## WHAT YOU SHOULD DO:
Everything in the data must be repeated exactly, apart from the pictures, which are left out.
DATA BLOCK below:
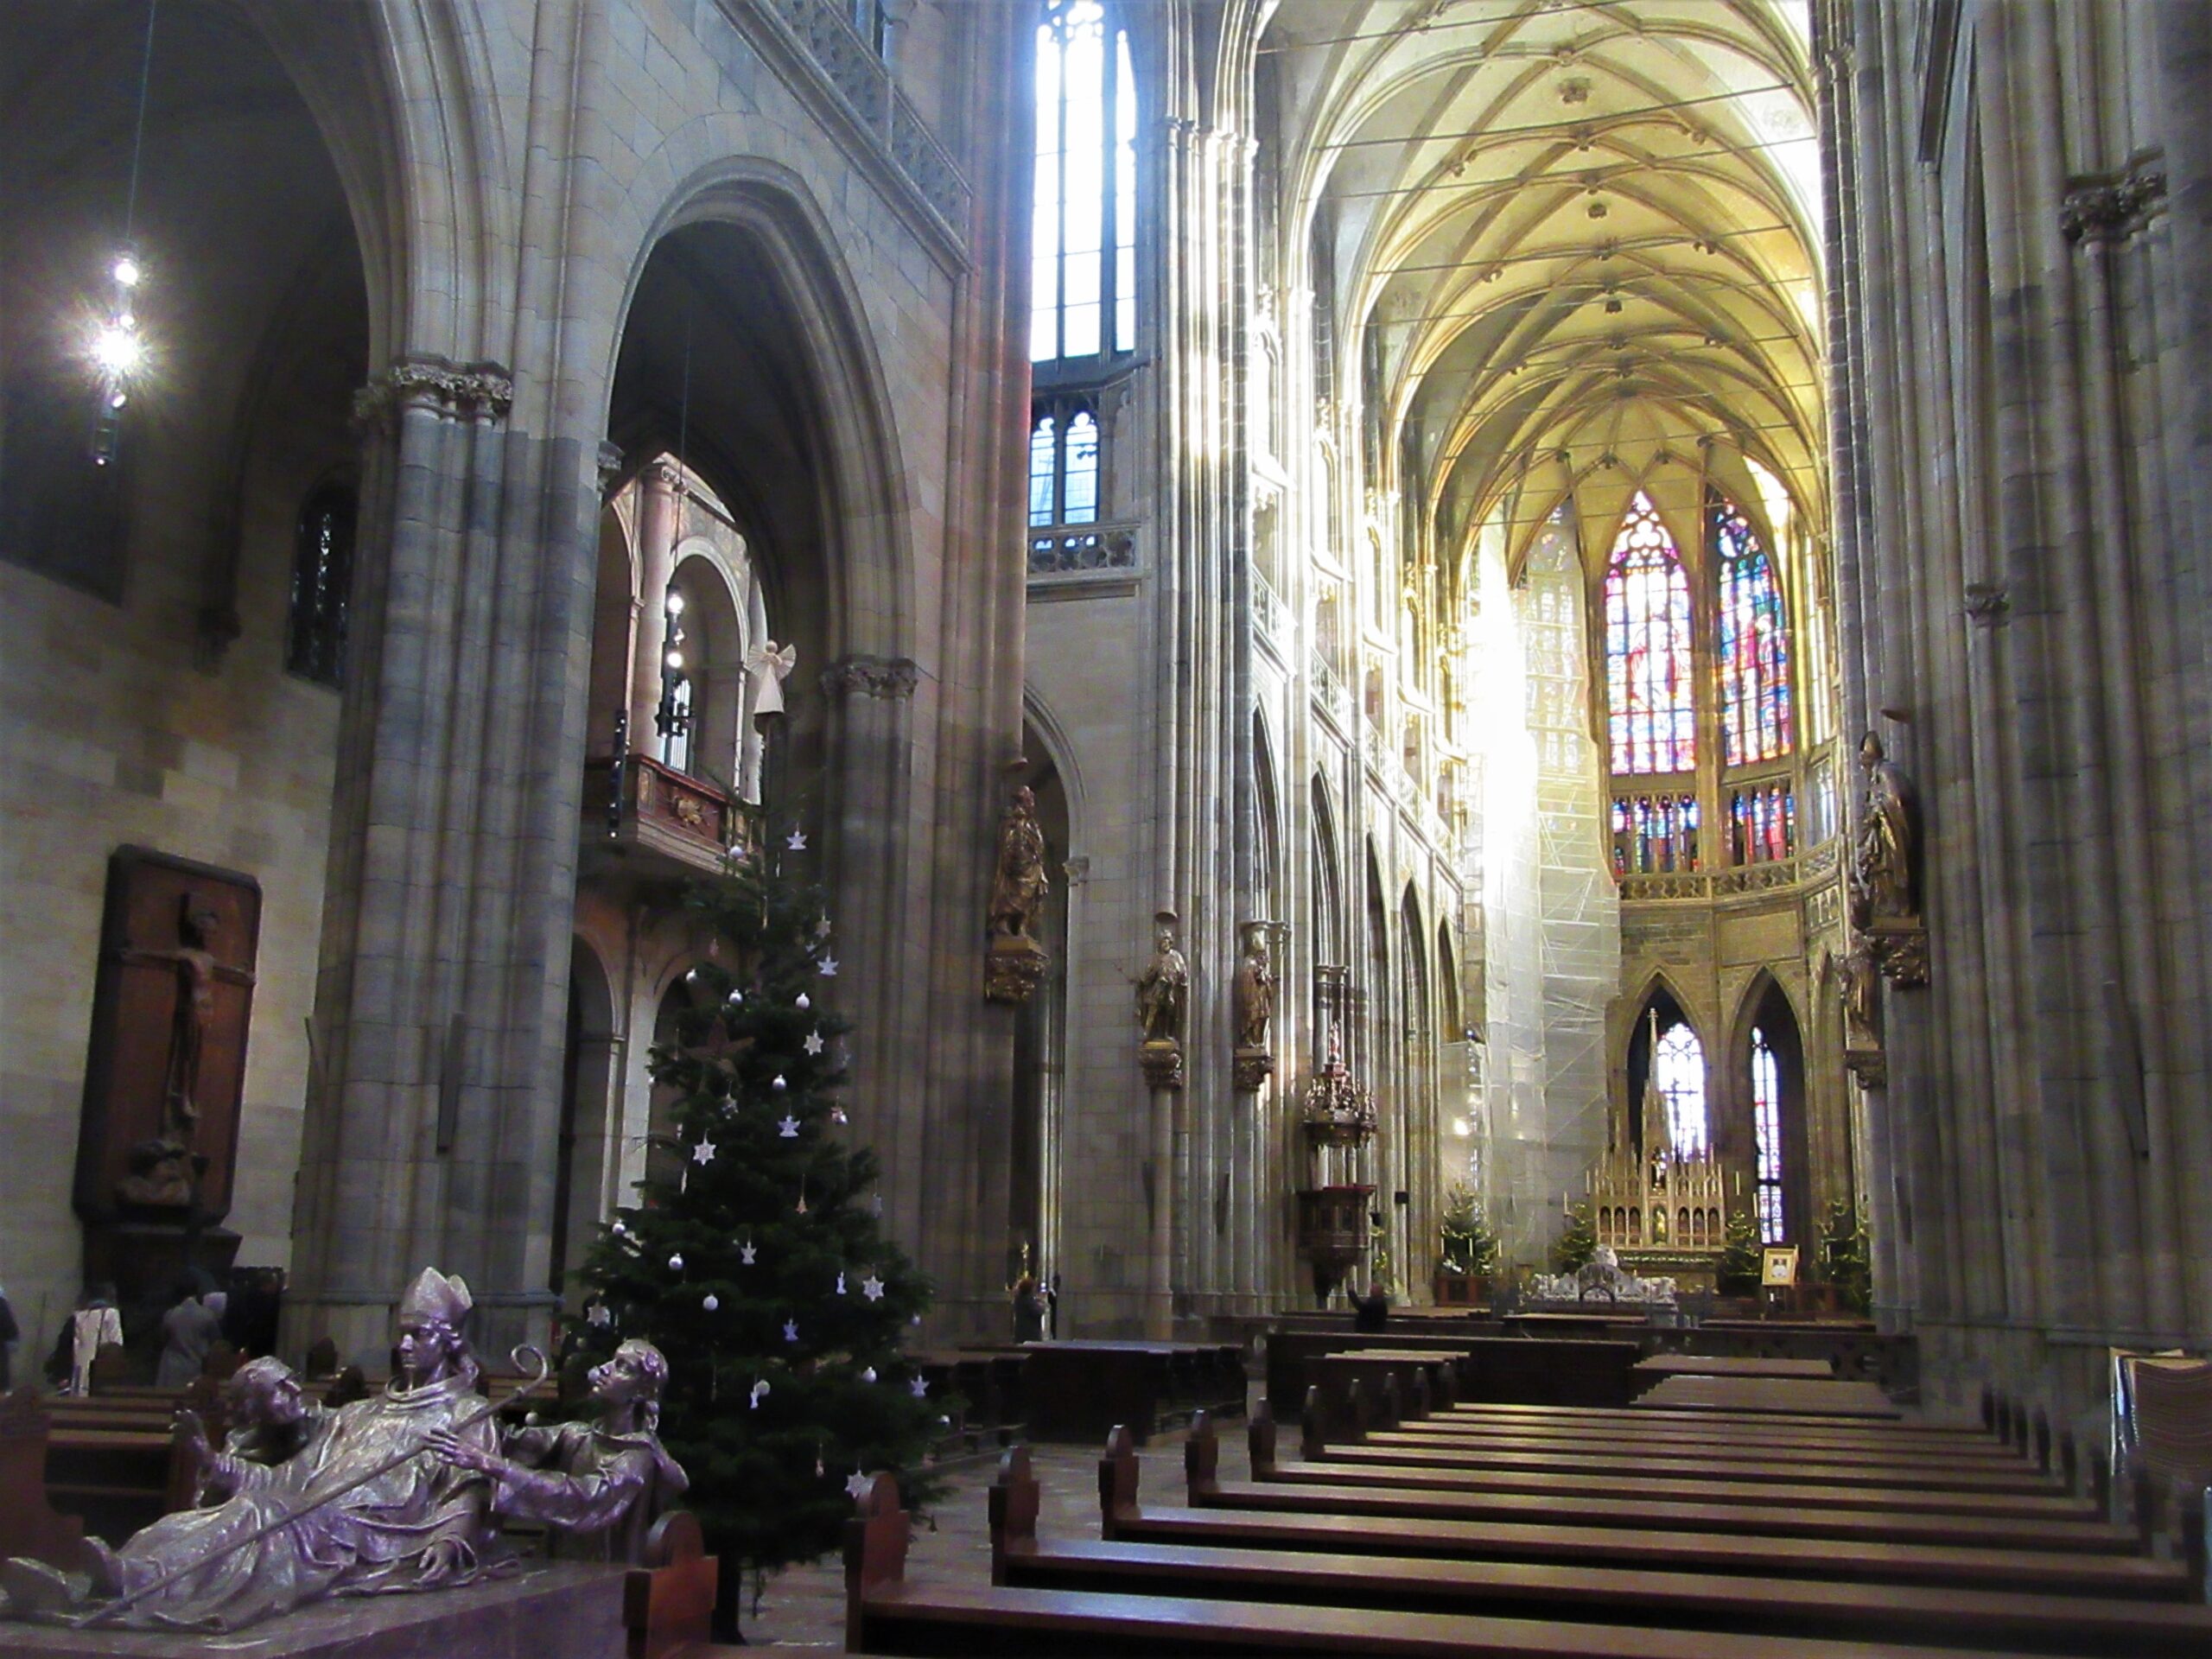 La cathédrale Saint-Guy à Prague
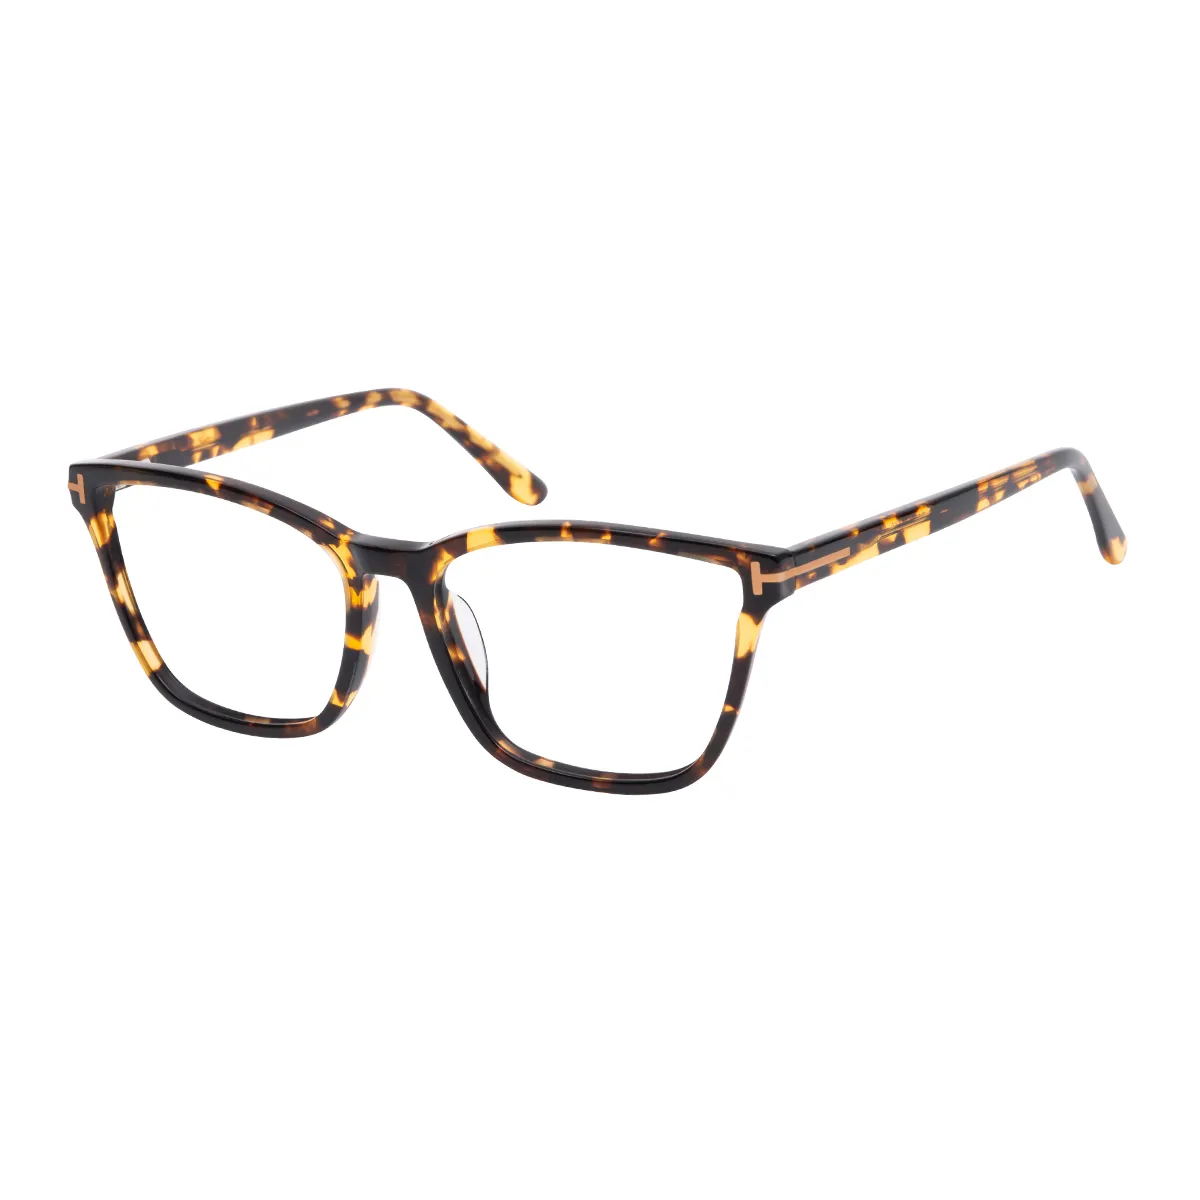 Darian - Square Tortoiseshell Glasses for Men & Women
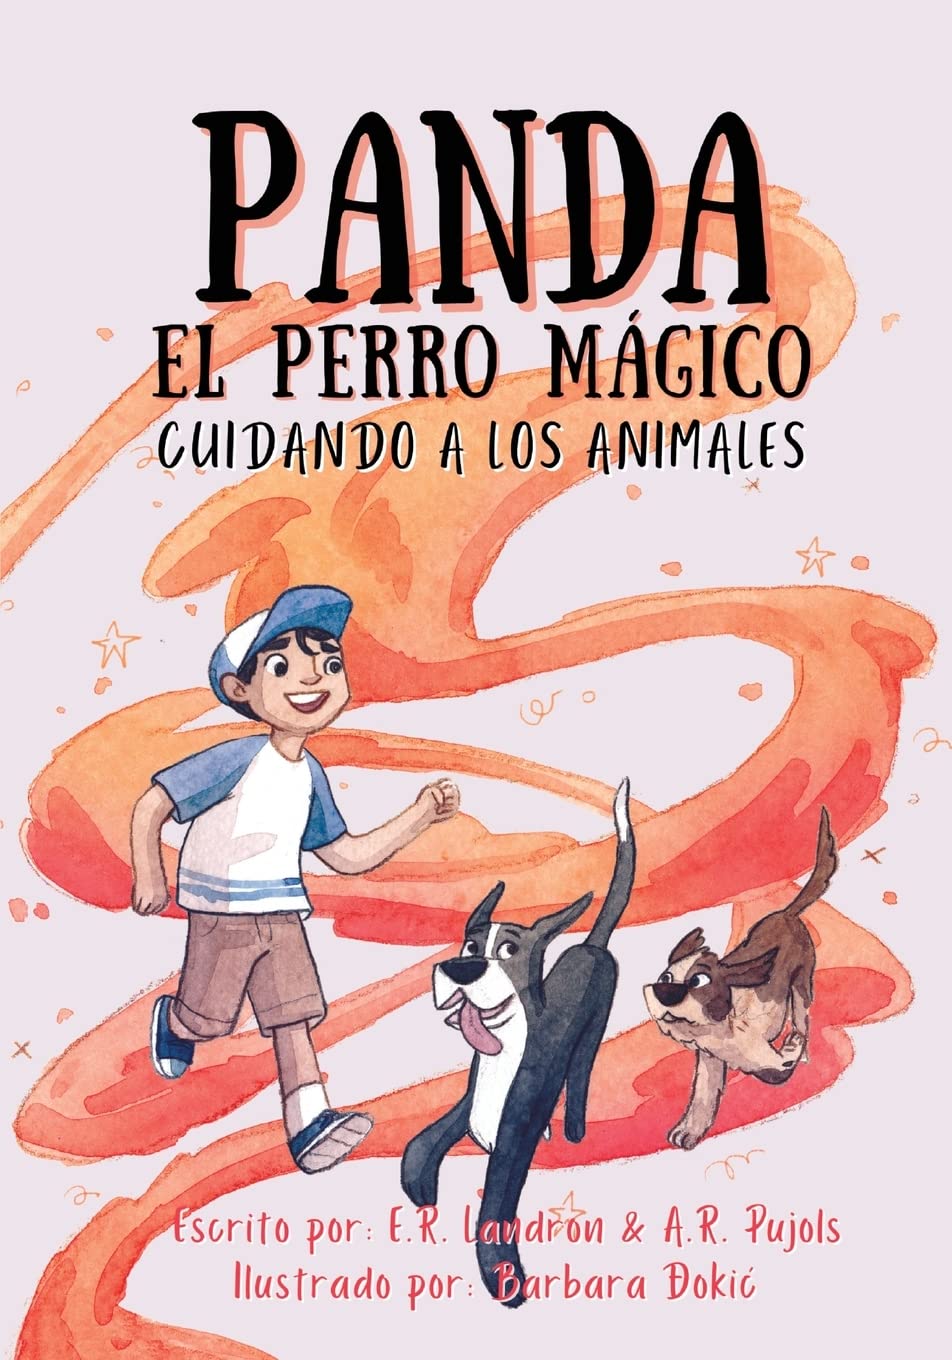 Panda El Perro Magico: Cuidando A Los Animales -  Er Landron
End of DATA BLOCK.
## ANSWER FOR THIS EXERCISE:
 La cathédrale Saint-Guy à Prague
 Darian - Square Tortoiseshell Glasses for Men & Women
 Panda El Perro Magico: Cuidando A Los Animales -  Er Landron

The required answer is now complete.